21 Day Lockdown (COVID-19): Due to the outbreak of coronavirus, last week, the world witnessed the largest democratic lockdown of 21 days as announced by PM Narendra Modi on March 24th, 2020. As we enjoy the privileges at our homes for social distancing and take measures to avoid Coronavirus, a greater portion of Indian population struggles to take measures to ensure their survival. Today we take a look at the cost of such a lockdown and the possible future we are looking at.

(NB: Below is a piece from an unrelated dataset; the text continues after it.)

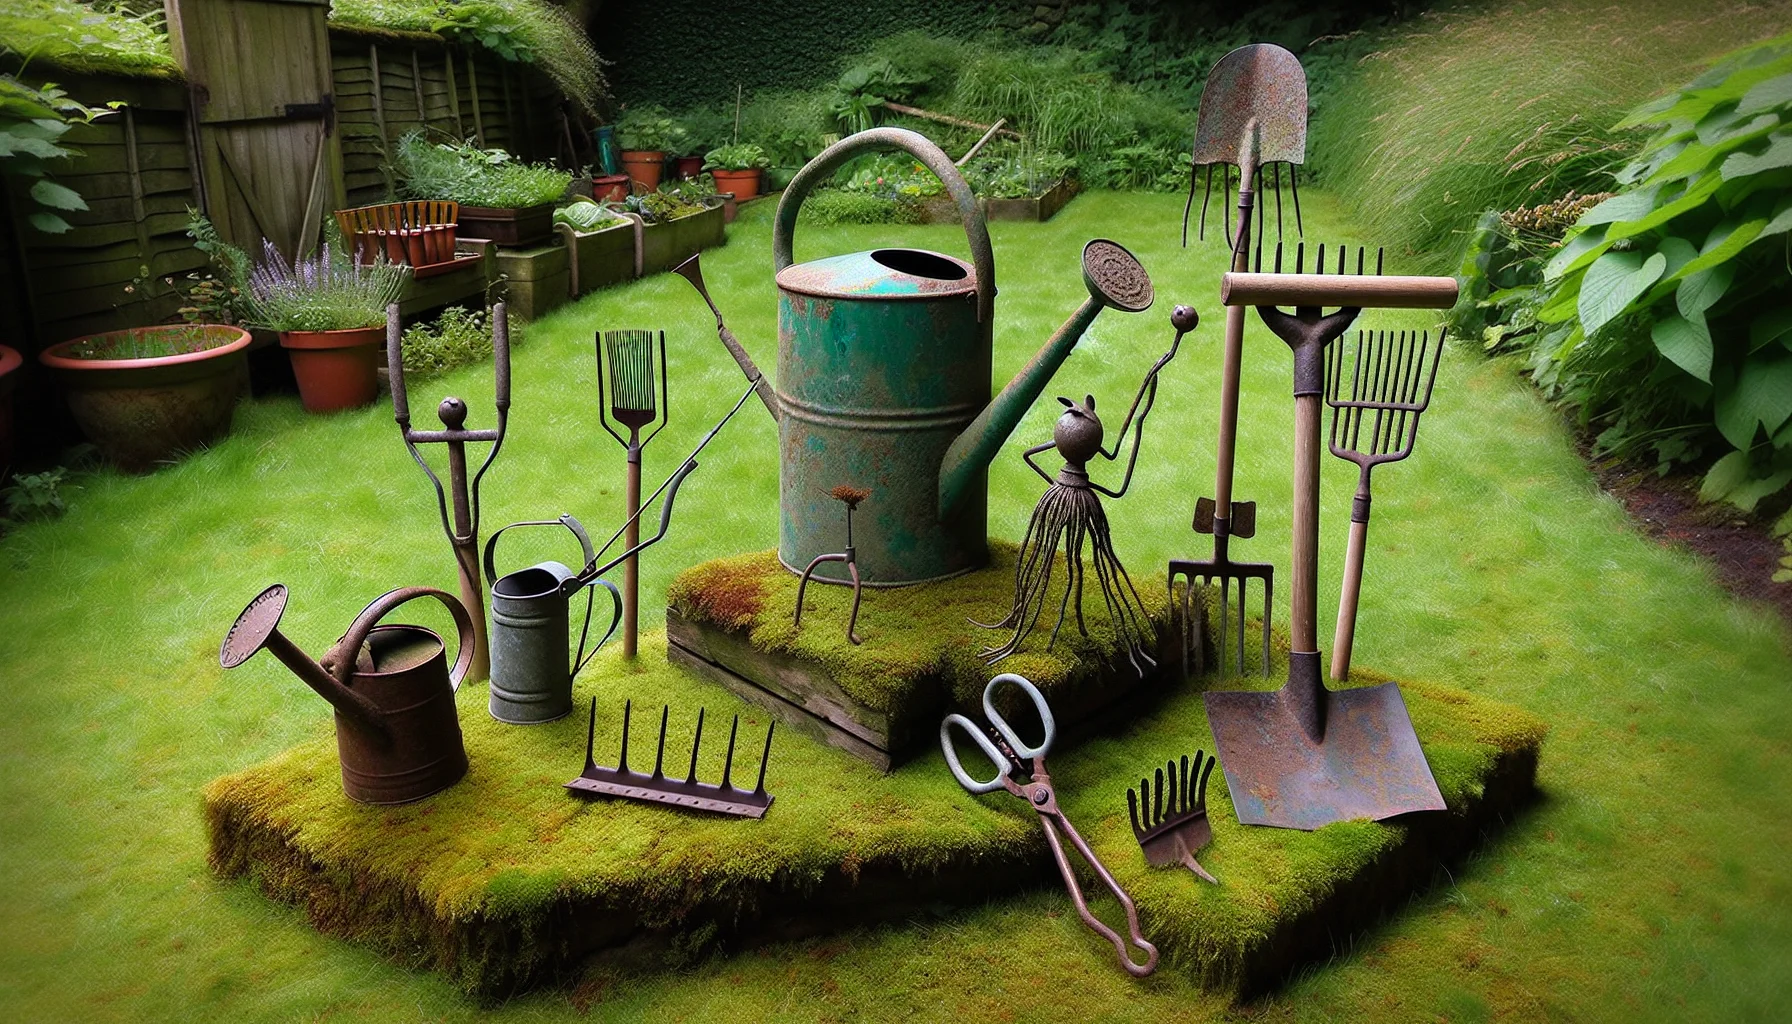 Create an image presenting a whimsical scene set in an antiquated garden. The gardening equipment - such as tarnished watering cans, weathered wooden rakes, and rusty shears - appear to be engaged in a comedic garden performance. A small, rusty spade seems to be conducting a garden tool symphony, and a moss-covered watering can is acting as if it's singing a powerful opera song. A rake with a broken handle seems to be attempting a ballet pose on a patch of verdant grass. This amusing display of old garden tools personified forces one to smile and feel an inexplicable urge to get involved in gardening.

There have been many views regarding the lockdown including the one put forward by Dr. Deepak Natrajan. He took estimates based on comparison with the cases in China and the respective death rate and after periodically adjusting for one year. Later, he arrived at the conclusion that the maximum of 25000-30000 estimated deaths in India due to COVID-19. This was done to bring up the comparison of the cost of the Lockdown.
Whether this 21-day lockdown would result in smashing the economy where a hundred thousand may lose their jobs is still a point of discussion. However, most economists are estimating this pandemic resulting in many more being affected by starvation in a country already facing poverty and malnutrition.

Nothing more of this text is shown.